Previous evidence suggests that extensive long-term sensitization training of defensive withdrawal reflexes is correlated with structural changes in sensory neurons forming the afferent limb of the reflex (Bailey and Chen 1988a; Wainwright et al. 2002). Therefore sensory neuron outgrowth could contribute to enhancement of the sensorimotor connection through new synapse formation (Bailey and Chen 1988b). Indeed, long-term sensitization training does lead to an increased number of synapses onto motor neurons (Bailey and Chen 1988b), but the source of the new synapses is unknown. Consequently, despite the appeal of the hypothesis, there is no direct evidence that long-term sensitization in the intact animal affects the number of synapses between individual pairs of sensory and motor neurons.
An in vitro analogue of long-term sensitization has been used to examine features of neurite outgrowth and varicosity formation in cultured neurons.

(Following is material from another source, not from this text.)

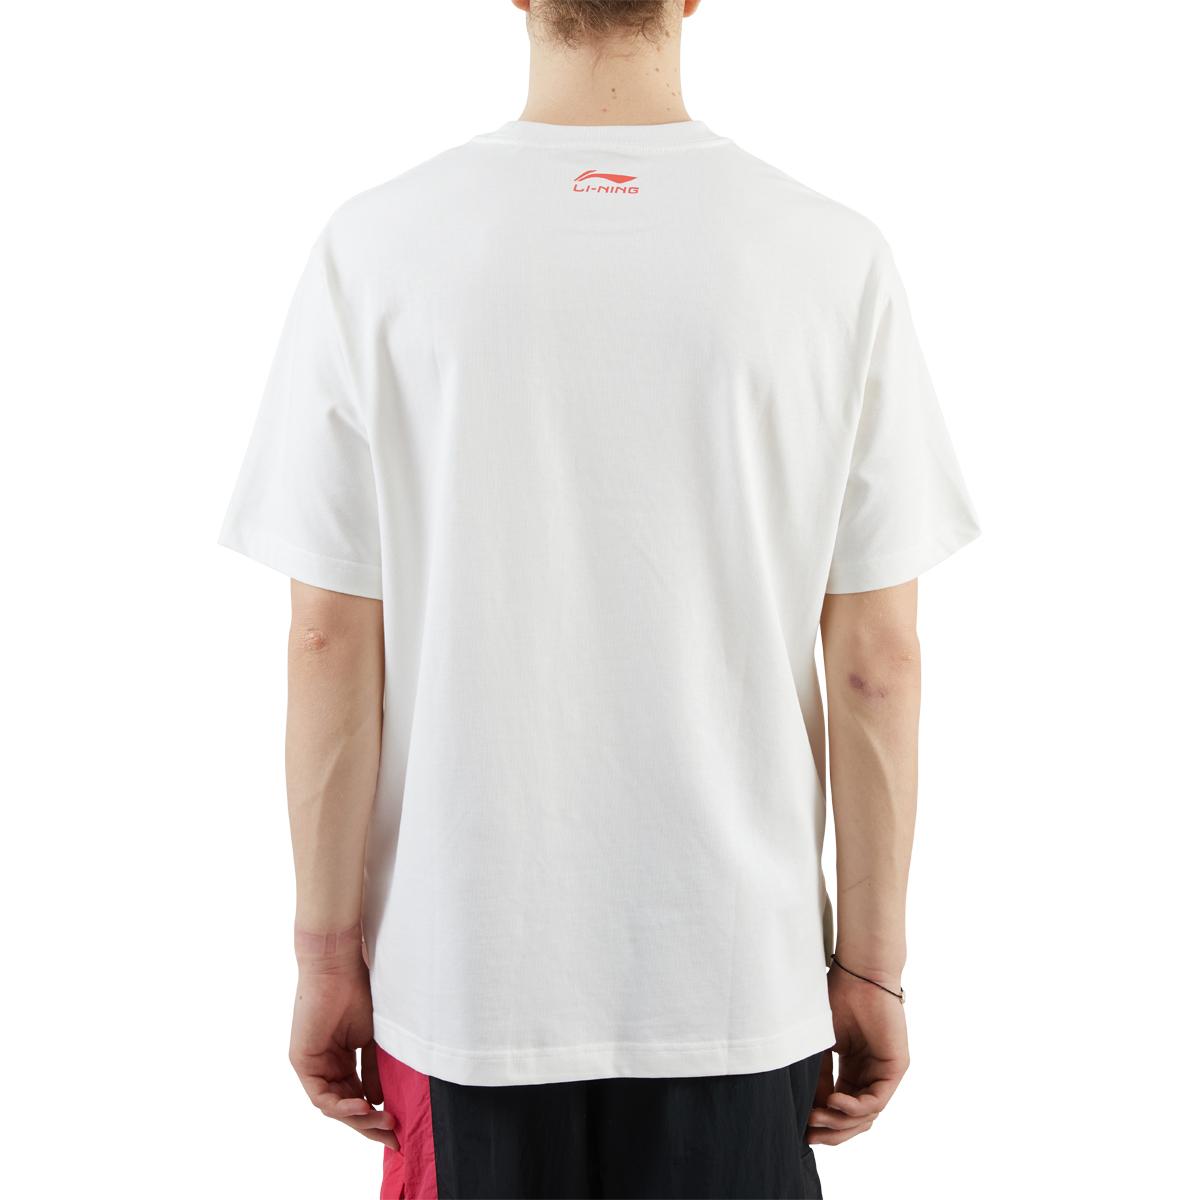 Li-Ning Short Sleeve Tee White Back

Twenty-four hours after pulsed application of serotonin, synaptic strength is enhanced, and neurite outgrowth and varicosity formation are increased (Glanzman et al. 1990). This process is blocked by inhibitors of transcription or translation (Bailey et al. 1992). Activation of protein kinase A and MAP kinase appears to be required, as well as downregulation of apCAM from the surface of sensory neurons (Bailey et al. 1996; Michael et al. 1998). It should be pointed out, however, that behavioral training experiments with the same time course did not produced observable changes in sensory neuron structure (Wainwright et al. 2002).
Synapse formation cannot, however, be the only mechanism underlying long-term sensitization. For example, both long-term sensitization and long-term facilitation of sensorimotor connections is produced by either a single day of training or 4 days of training. Structural changes are only induced when animals are trained for 4 days, however (Wainwright et al. 2002). Therefore long-term sensitization produced by 1 day of training does not induce observable structural changes. Moreover, recent experiments in sensorimotor co-cultures suggest that synaptic strength can be enhanced in the absence of structural changes (Casadio et al. 1999; Sun and Schacher 1998). Thus modification of preexisting synapses may also play a role in long-term sensitization produced by 4 days of training.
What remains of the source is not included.